> [ABOUT THIS TASK] Output the line that contains "Schwarzes Sweatshirt Unisex" together with each line after it, through the final line of the listing below, word for word; omit pictures.

> [DATA SHOWN]
★ ★ ★ ★ ★
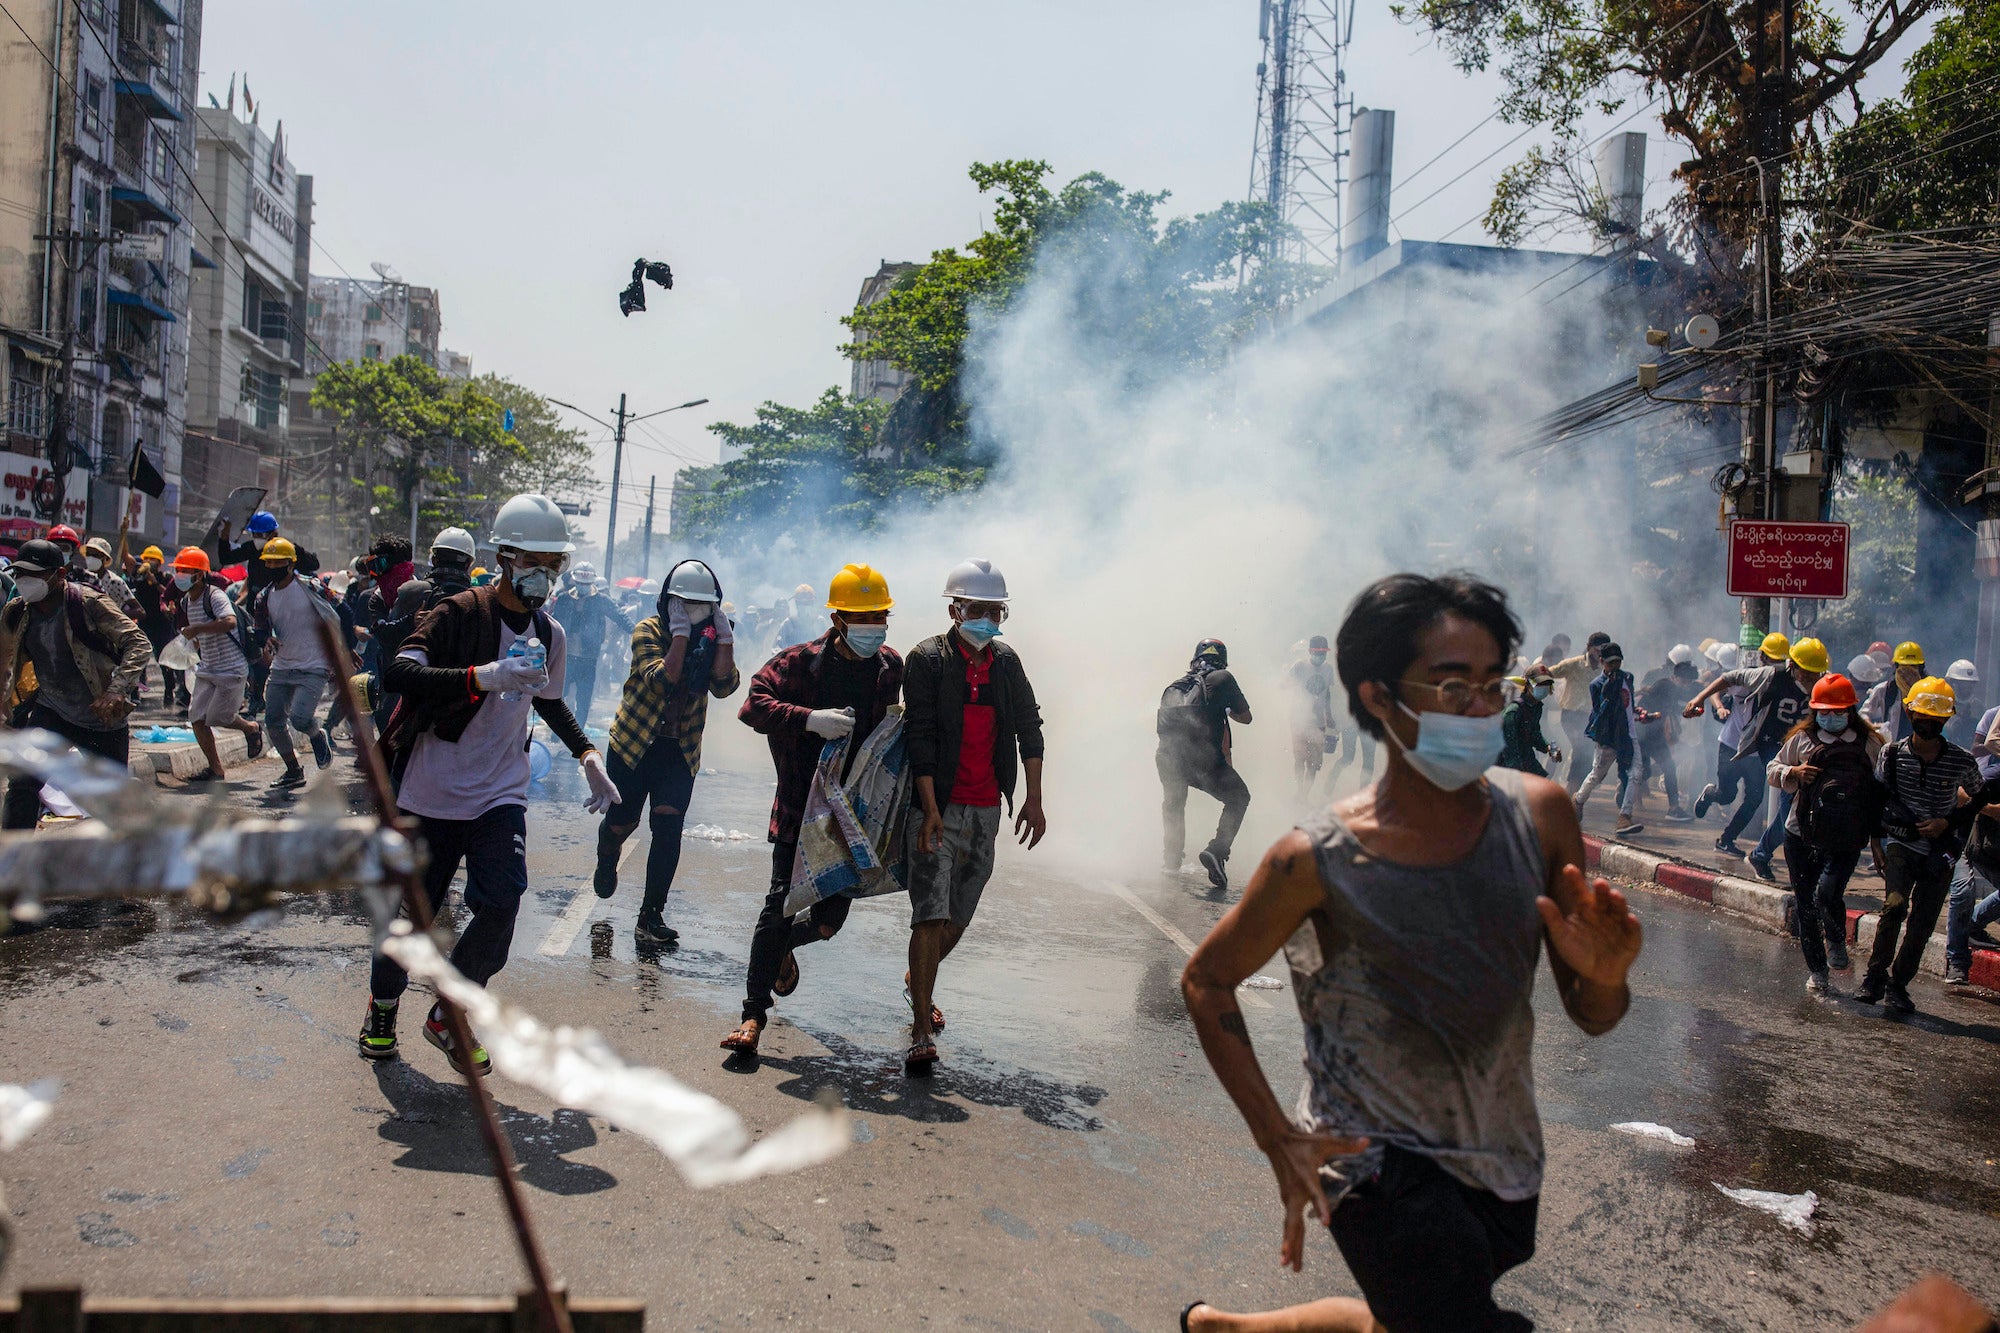 Des manifestants, dont un grand nombre portaient des casques jaunes et blancs, fuyaient sous des nuages de gaz lacrymogènes tirés par la police à Yangon, au Myanmar, le 1er mars 2021. Ces manifestants avaient tenté d’exprimer leur opposition au coup d'État militaire mené un mois auparavant, le 1er février 2021.
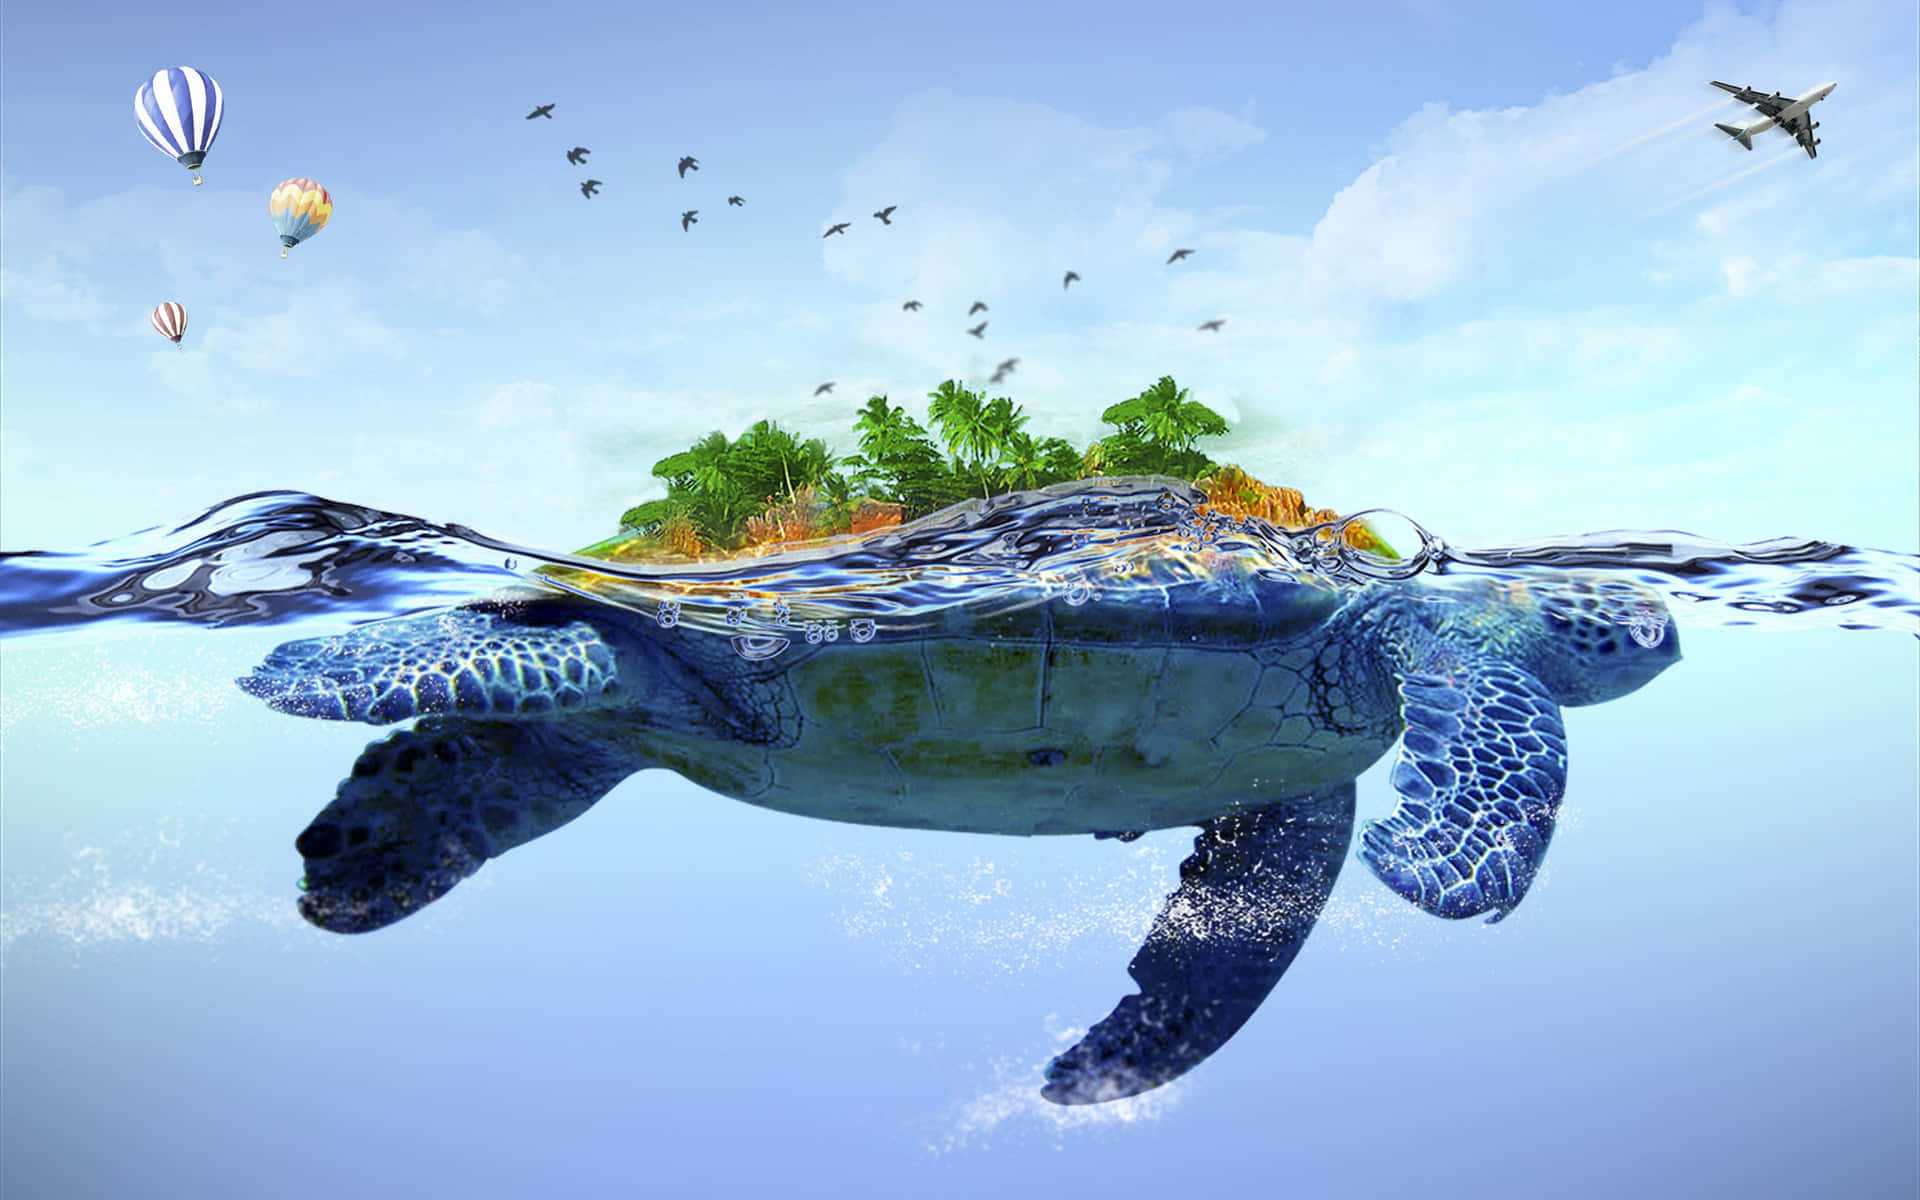 Enskildpadde, Der Svømmer I Havet Med Et Træ Og Balloner.
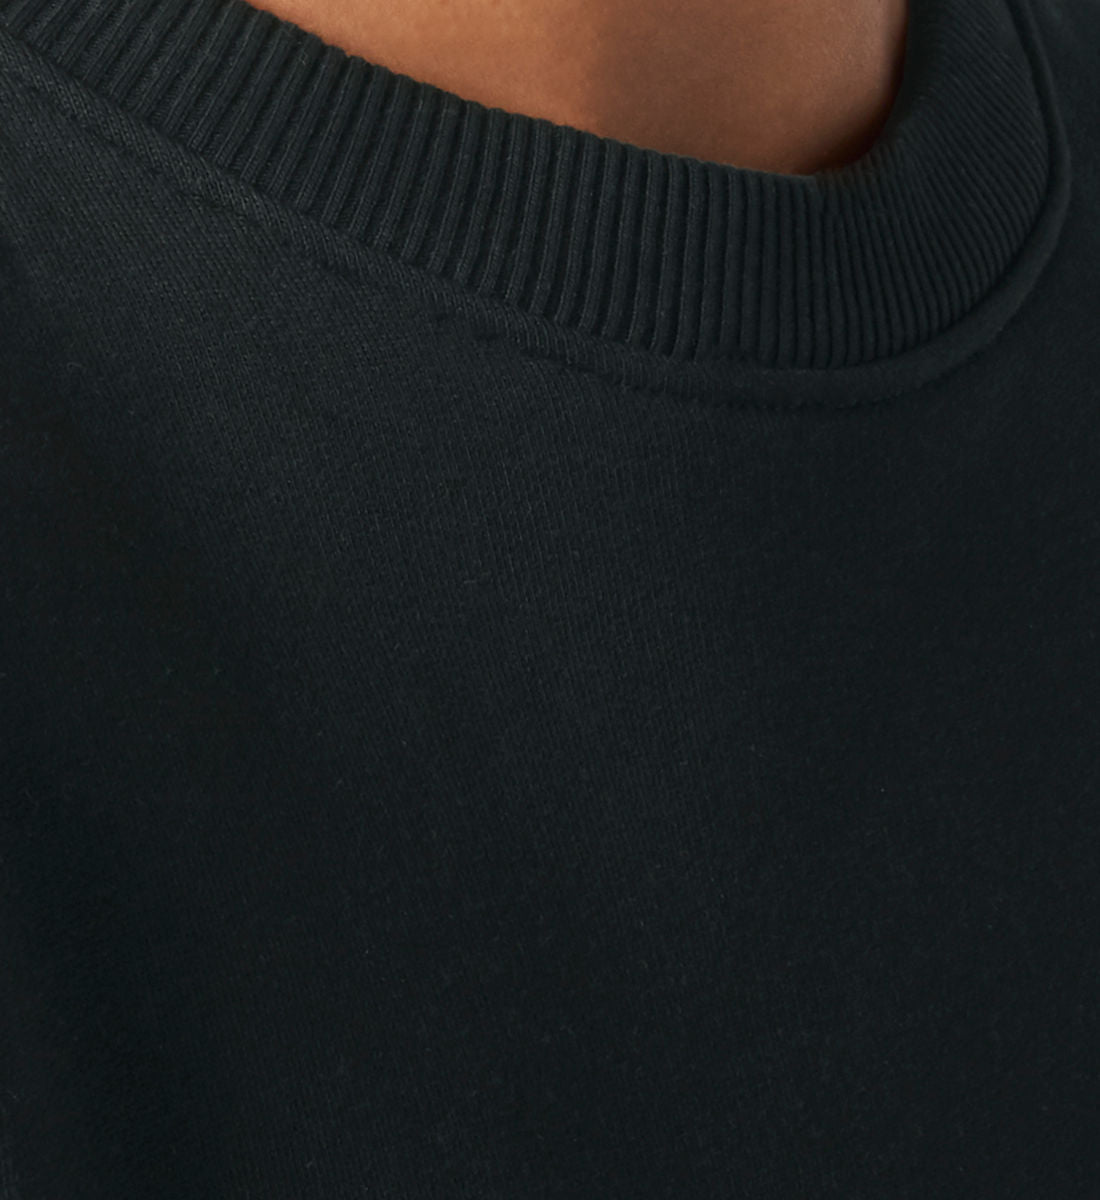 Schwarzes Sweatshirt Unisex für Damen und Herren bedruckt mit dem Design der Roger Rockawoo Kollektion LoFi Life Audio Tape
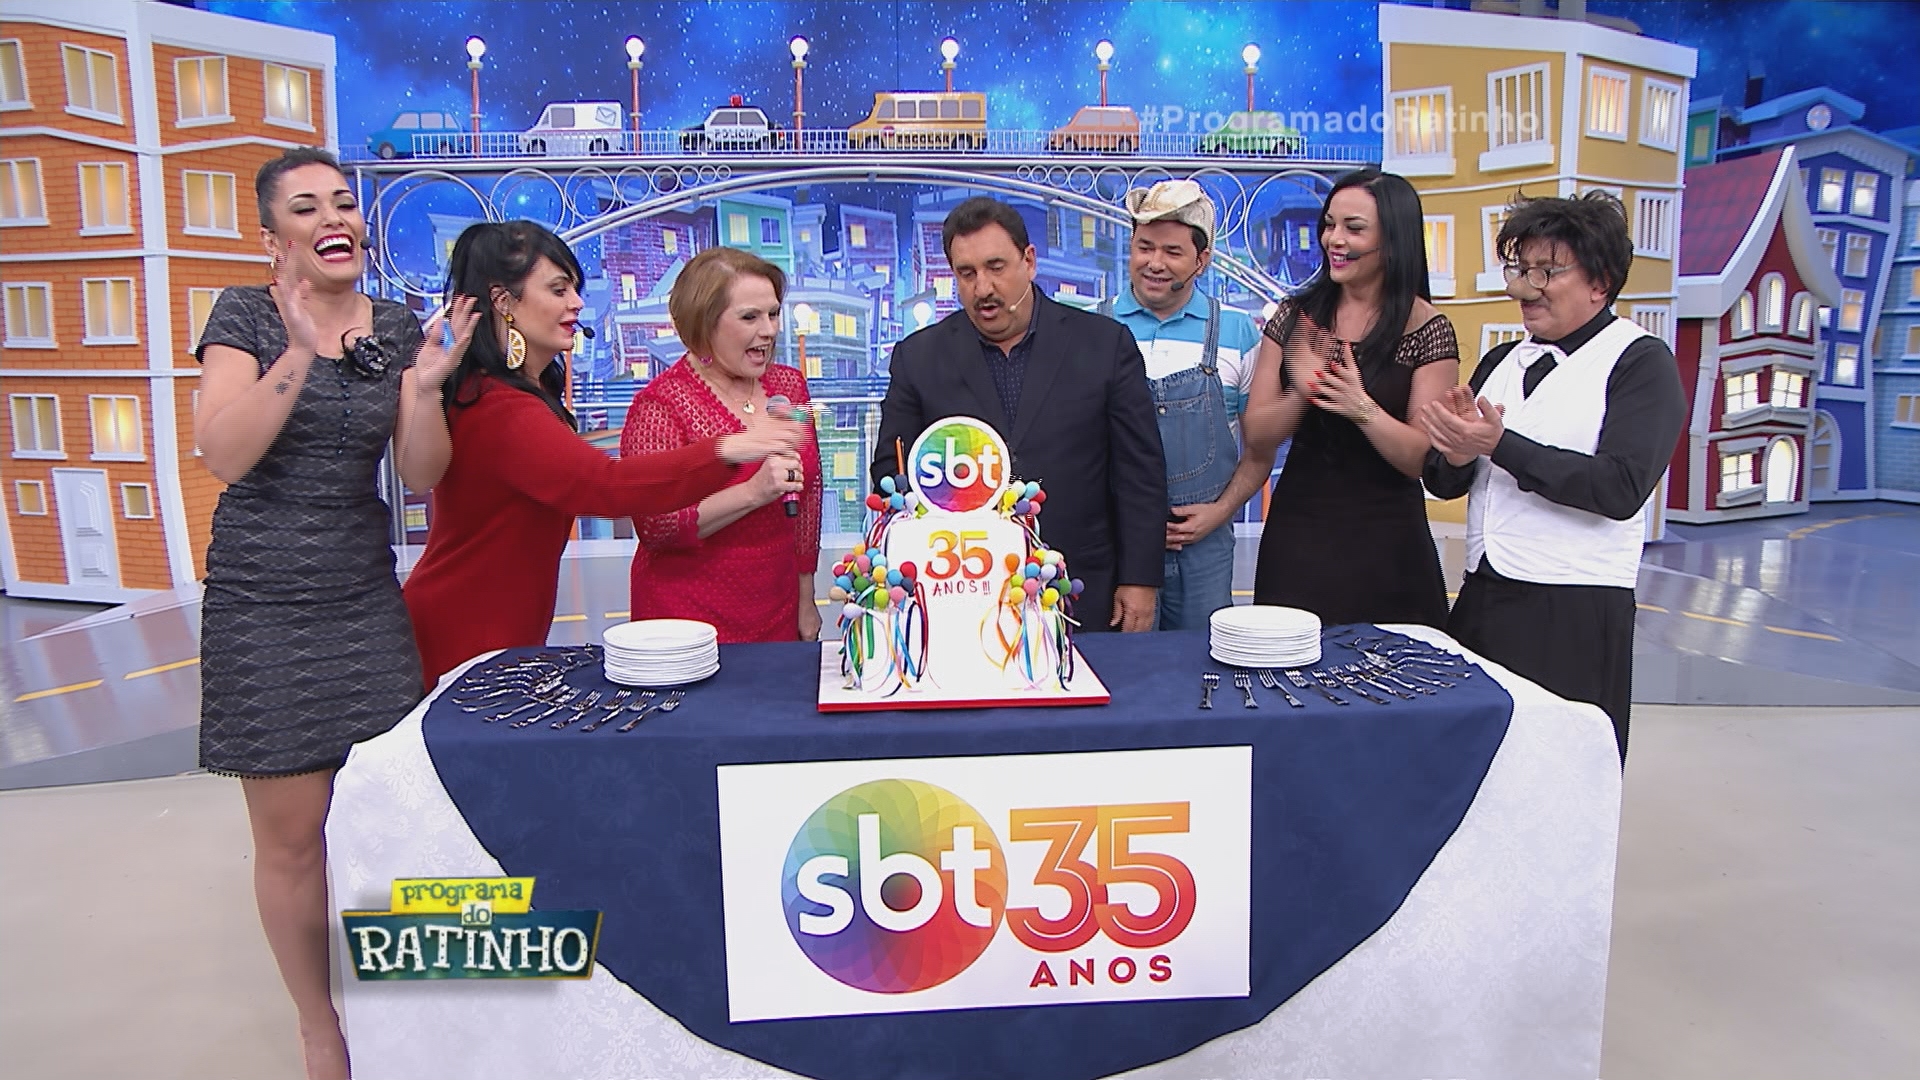 Ratinho celebras os 35 anos do SBT
★ ★ ★ ★ ★
> [OUTPUT OF THE TASK]
 Schwarzes Sweatshirt Unisex für Damen und Herren bedruckt mit dem Design der Roger Rockawoo Kollektion LoFi Life Audio Tape
 Ratinho celebras os 35 anos do SBT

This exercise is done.